With the minor notational freedom of using $\gamma_0$ instead of $\gamma_4$, this is our starting point in the Desai text, and we can now left multiply by

\begin{aligned}({p} + m c) \gamma_0 =\frac{1}{{c}} \left( \mathcal{E} - e \phi \right)+\boldsymbol{\alpha} \cdot \left(\mathbf{P} - \frac{e}{c} \mathbf{A} \right)+ \gamma_0 m c.\end{aligned} \hspace{\stretch{1}}(3.17)

The motivation for this appears to be that this product of conjugate like quantities

\begin{aligned}\begin{aligned}0 &= ({p} + m c) \gamma_0 \gamma_0 ({p} - m c) \\ &=({p} + m c) ({p} - m c) \\ &= \frac{1}{{c^2}} \left( \mathcal{E} - e \phi \right)^2 -\left( \mathbf{P} - \frac{e}{c} \mathbf{A} \right)^2 - (m c)^2 + \cdots,\end{aligned}\end{aligned} \hspace{\stretch{1}}(3.18)

produces the the Klein-Gordon equation, plus some cross terms to be determined.
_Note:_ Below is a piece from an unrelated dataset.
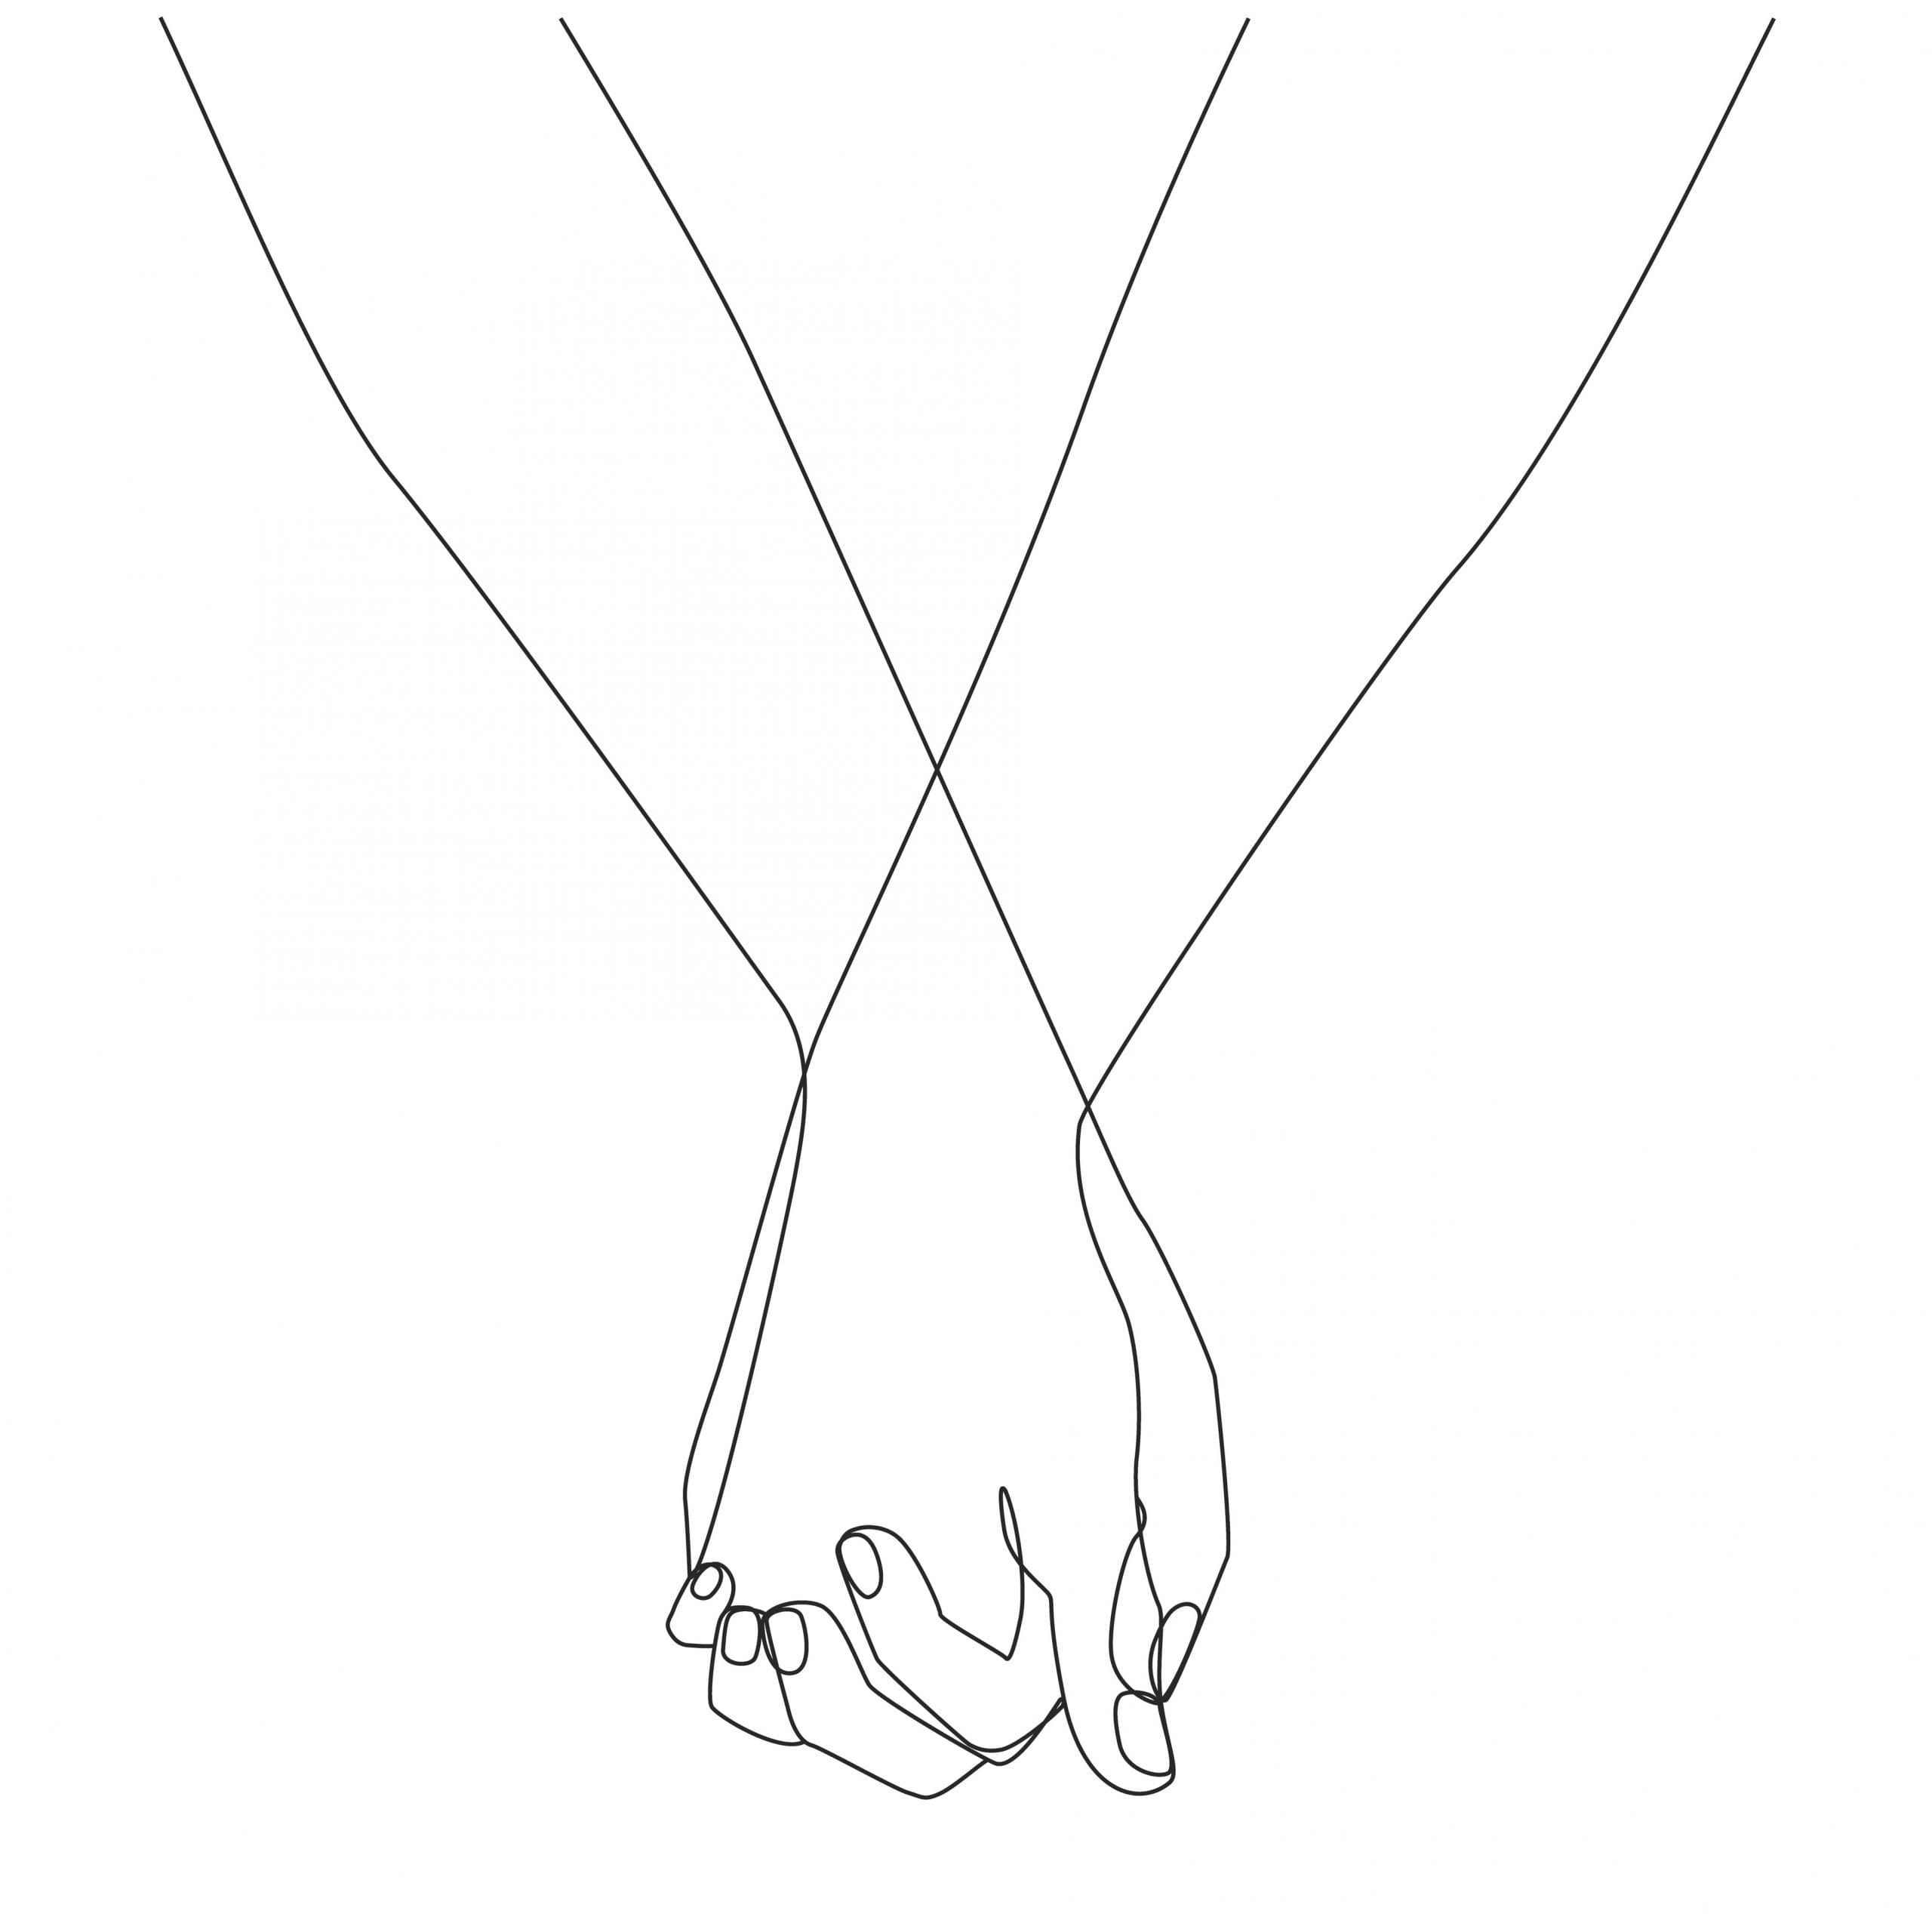 Green tea: An illustration of a couple holding hands

Those cross terms are the important bits since they contain the spin interaction, even in the non-relativistic limit.

Let’s do the expansion.

\begin{aligned}0&= ({p} + m c) \gamma_0 \gamma_0 ({p} - m c) u \\ &=\left(\frac{1}{{c}} \left( \mathcal{E} - e \phi \right)+\boldsymbol{\alpha} \cdot \left(\mathbf{P} - \frac{e}{c} \mathbf{A} \right)+ \gamma_0 m c\right)\left(\frac{1}{{c}} \left( \mathcal{E}- e \phi \right)-\boldsymbol{\alpha} \cdot \left(\mathbf{P} - \frac{e}{c} \mathbf{A} \right)- \gamma_0 m c \right) u \\ &=\frac{1}{{c}} \left( \mathcal{E} - e \phi \right)\left(\frac{1}{{c}} \left( \mathcal{E}- e \phi \right)-\boldsymbol{\alpha} \cdot \left(\mathbf{P} - \frac{e}{c} \mathbf{A} \right)- \gamma_0 m c \right) u \\ &\qquad +\boldsymbol{\alpha} \cdot \left(\mathbf{P} - \frac{e}{c} \mathbf{A} \right)\left(\frac{1}{{c}} \left( \mathcal{E}- e \phi \right)-\boldsymbol{\alpha} \cdot \left(\mathbf{P} - \frac{e}{c} \mathbf{A} \right)- \gamma_0 m c \right) u \\ &\qquad + \gamma_0 m c\left(\frac{1}{{c}} \left( \mathcal{E}- e \phi \right)-\boldsymbol{\alpha} \cdot \left(\mathbf{P} - \frac{e}{c} \mathbf{A} \right)- \gamma_0 m c \right) u \\ &=\left(\frac{1}{{c^2}} \left( \mathcal{E} - e \phi \right)^2- \left( \boldsymbol{\alpha} \cdot \left(\mathbf{P} - \frac{e}{c} \mathbf{A} \right) \right)^2- (mc)^2\right) u\\ &\qquad + \frac{1}{{c}} \left[{\boldsymbol{\alpha} \cdot \left(\mathbf{P} - \frac{e}{c} \mathbf{A} \right)},{\mathcal{E} - e \phi}\right] u- m c\left\{{\boldsymbol{\alpha} \cdot \left(\mathbf{P} - \frac{e}{c} \mathbf{A} \right)},{ \gamma_0}\right\} u \\ &\qquad + {\gamma_0 m\left(\mathcal{E} - e \phi\right) u}- {\gamma_0 m\left(\mathcal{E} - e \phi\right) u}\\ \end{aligned}

Since $\gamma_0$ anticommutes with any $\boldsymbol{\alpha} \cdot \mathbf{x}$, even when $\mathbf{x}$ contains operators, the anticommutator term is killed.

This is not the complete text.